The Crandall Conglomerate crops out in the Clarks Fork of the Yellowstone River Valley in northwestern Wyoming, between the Beartooth Uplift and the Absaroka Mountains (Figure 1). The major tectonic event that has affected this area was the Laramide orogeny (Cretaceous through the early Eocene, 80-50 Ma) (Bown, 1982). As the Laramide orogeny stopped uplifting in the early middle Eocene (~50 Ma), Absaroka volcanism started to the northwest of the study area and continued towards the southeast (Bown, 1982). At the start of volcanism, the Heart Mountain Fault experienced great movement (see Schoenbohm, 1997, Beutner and Craven, 1996 for further description of the fault). The Heart Mountain Fault is a large, low-angle normal fault along which rocks were displaced many tens of kilometers. The Crandall Conglomerate is cut by this fault, and the direction of movement of the hanging wall of the fault is reflected in the displacement of the upper part of the conglomerate section incorporated into the hanging wall about 20 kilometers to the SE (Figure 1).
Figure 1: Outcrops of the Crandall Conglomerate. Outcrops studied are Squaw Creek outcrop (SQ), North Crandall Creek outcrop (NCR), South Crandall Creek outcrop (SCR), and Beam Gulch outcrop (BG). Dotted box is the location of figure 2.
The age of the Crandall can be constrained by considering what could cause the incision of a paleovalley and then subsequent deposition. Incision is caused by many mechanisms: tectonic events, large scale flooding events, climatic change, (French, 1987) and changes in base level (Maizels, 1983). These factors can affect each other, but tectonic activity tends to be the overriding factor, for it can affect all of the others. The conglomerate is younger than 350 ma because the youngest clasts in the conglomerate are Mississippian in age (Pierce, 1973). Only one tectonic episode that affected this area after 350 Ma, the Laramide Orogeny, had enough influence to initiate stream incision and clastic deposition (Ed Beutner, personal communication).
The volcanic rocks exposed in the study area are Absaroka volcanics. However, no volcanic clasts are observed in the conglomerate, therefore the conglomerate must be older than the Absarokas. This, combined with the Laramide orogenic episode, places the age of the Crandall between the start of the Paleocene and the end of the early Eocene (or 66 to 50 Ma). In addition, the conglomerate shows similarity to many "fanglomerates" located throughout Idaho, Montana, and Wyoming. These conglomerates are all related to Laramide tectonic activity and Absaroka volcanism and have been dated to the early-mid Eocene (Fields, et al., 1985).

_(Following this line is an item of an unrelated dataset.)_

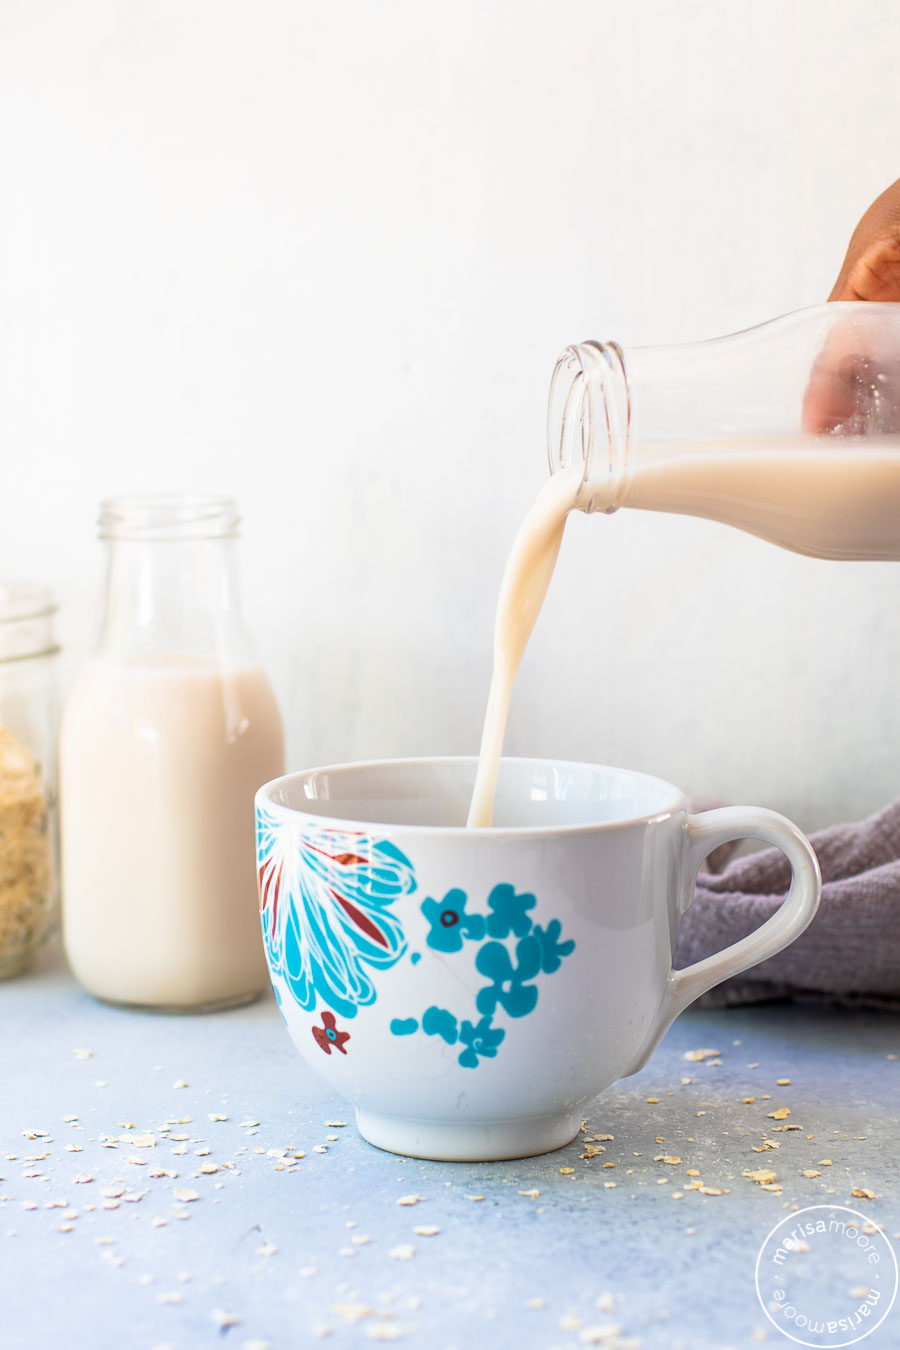 Pouring oat milk into a cup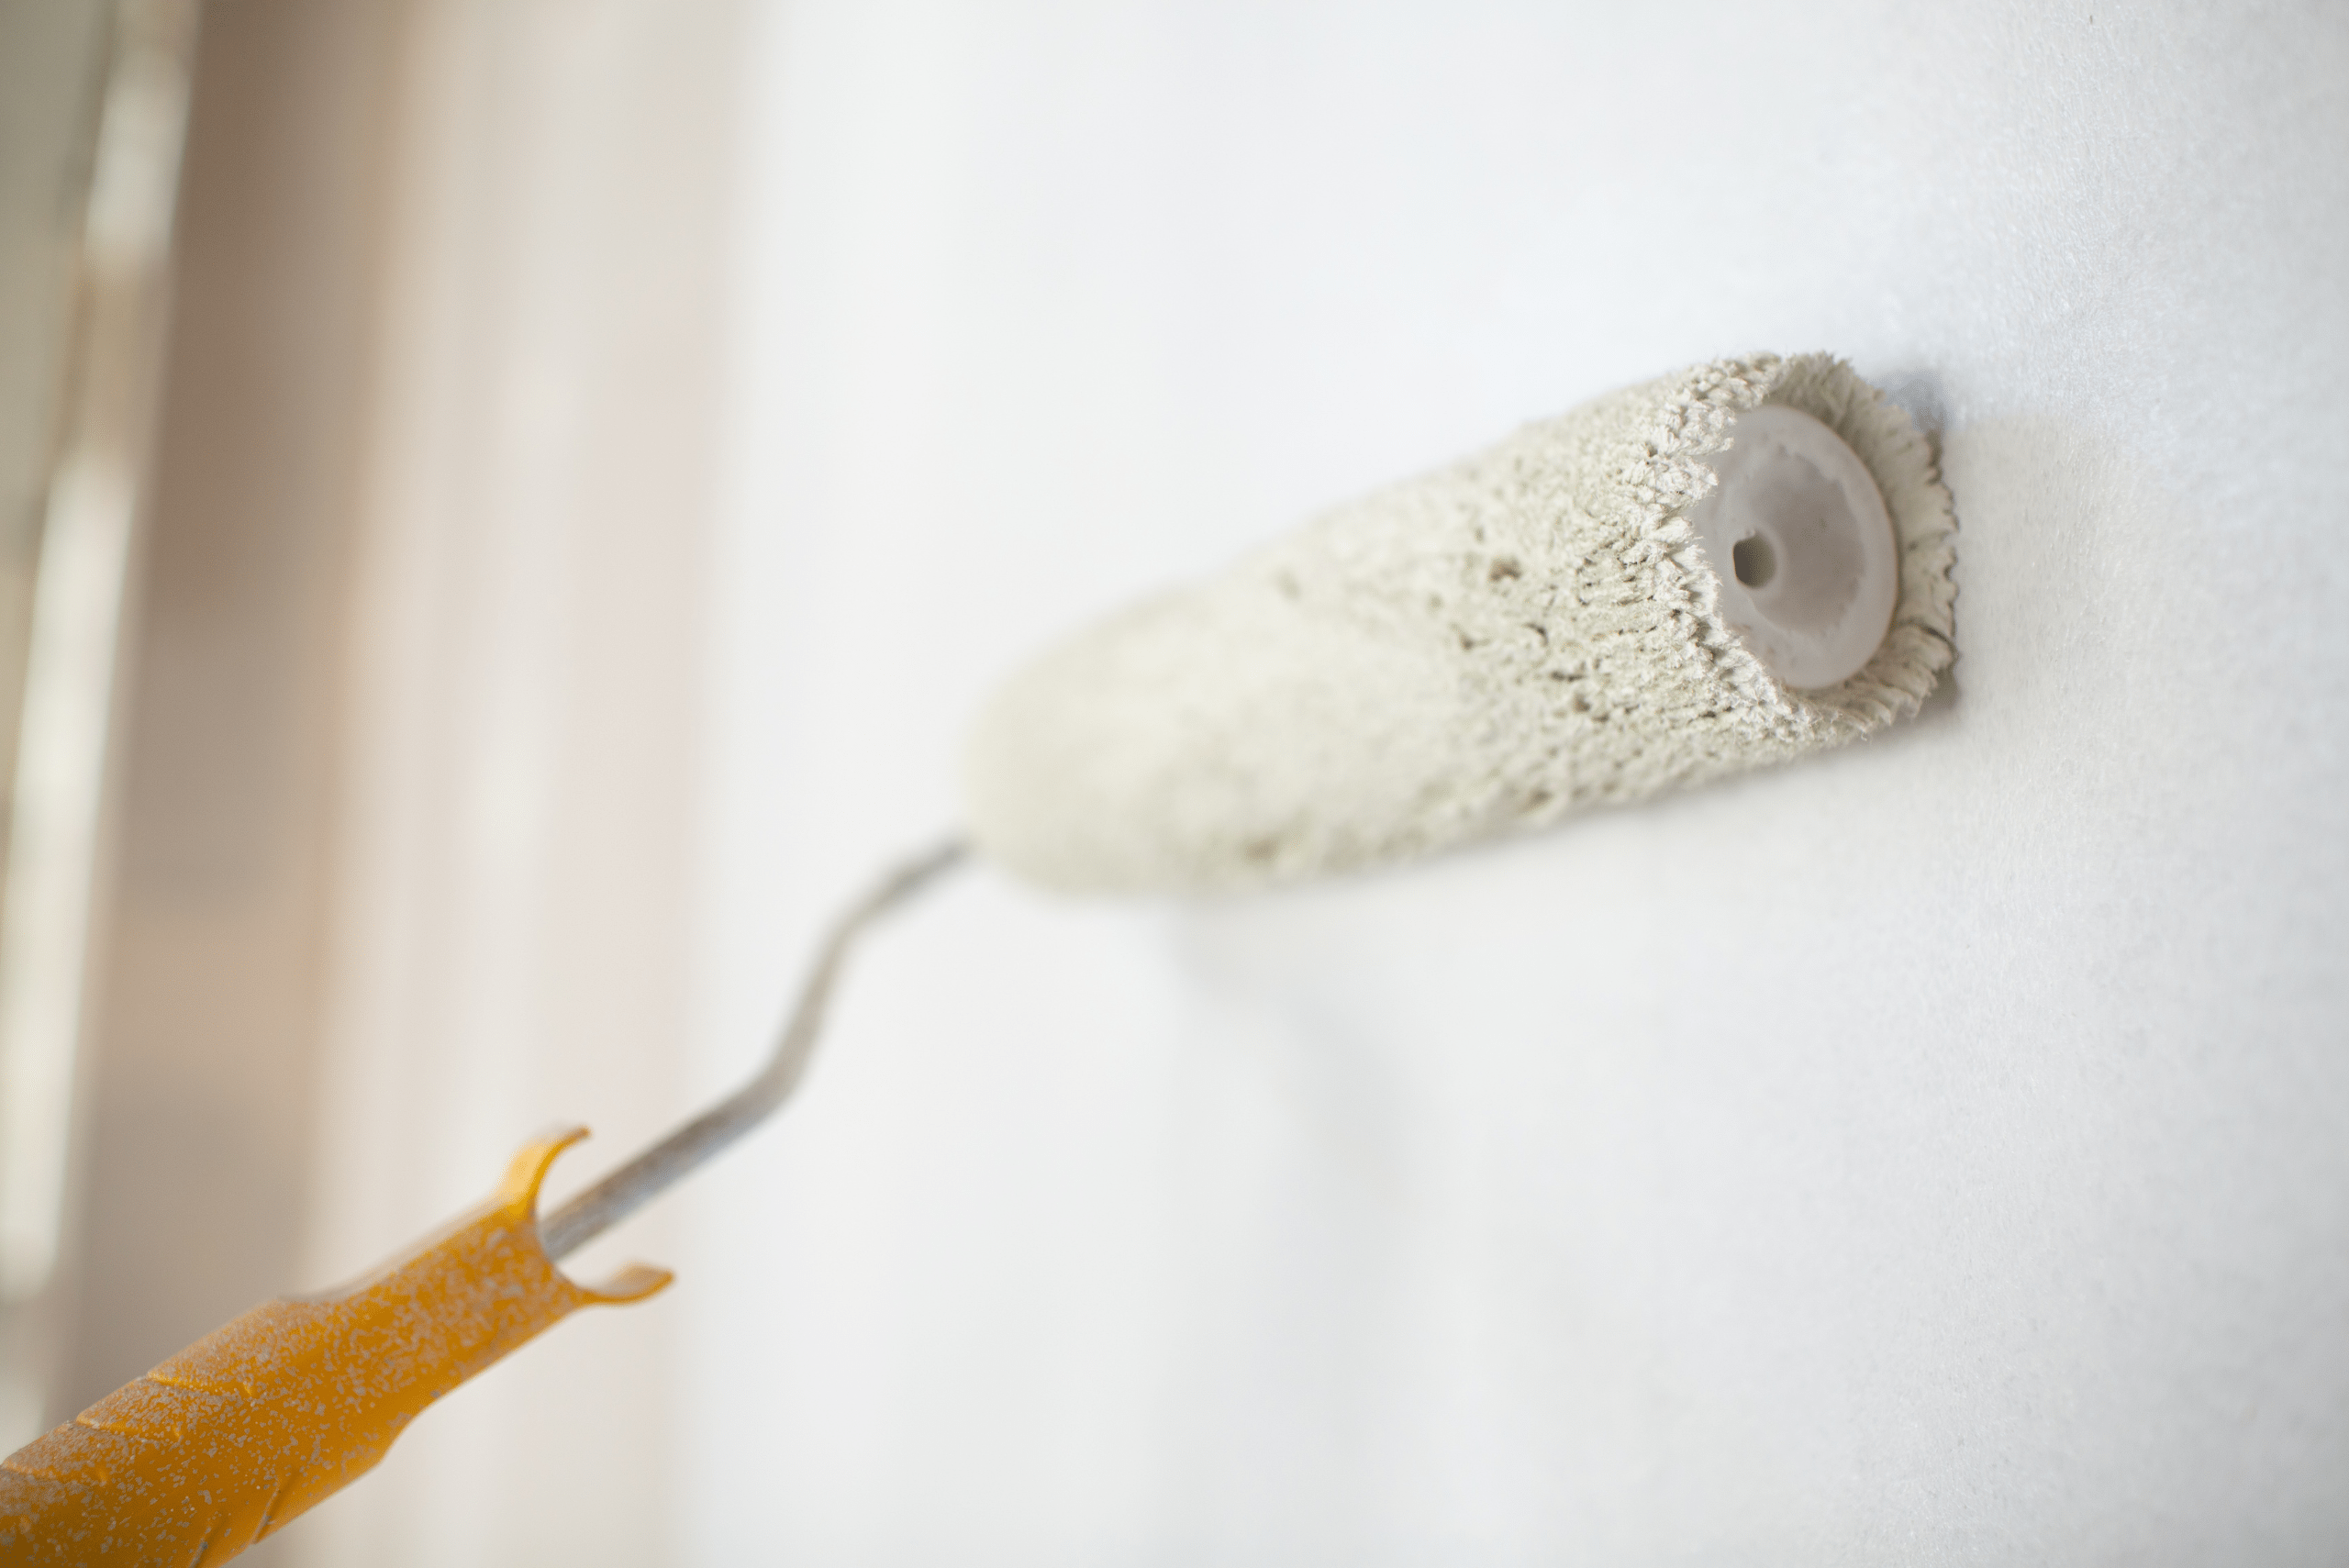 A paint roller on the wall.

Past interpretations of the Crandall Conglomerate have been intimately connected with models for Heart Mountain Faulting and explanations of the origin of the Blacktail Fold, a fold-thrust in the limestone underneath the Crandall Conglomerate (Figure 2). The purpose of my study is to understand the Crandall Conglomerate as a sedimentary unit apart from its connection to these structural features. This deposit is also the only one in the Clarks Fork Valley that represents its age in the stratigraphy. Understanding the signature of climatic and tectonic events in the conglomerate gives a better picture of these mountains as they were forming.
Figure 2: Footwall outcrops and the Blacktail Fold-thrust. Note the emplacement of the Crandall outcrops asymmetrically to the NE of the Blacktail Fold-thrust. Rose diagram of clast imbrication shows paleoflow direction to the east (number of measurments=55, circle=13%).
The investigation was limited to the sedimentology and stratigraphy of three outcrops in the footwall and one in the hanging wall of the Heart Mountain Fault (Figure 1). Lab work consisted of thin section analysis of selected samples from these outcrops and paleoflow analysis using cobble imbrication data collected in the field. The footwall outcrops give a clear picture of the conglomerate in situ, though not the total picture, because the hanging wall exposures contain finer sediments overall (more sandstone and gravel) than the footwall exposures (Pierce, 1973). This difference in the stratigraphy could reflect changes in the environment through time.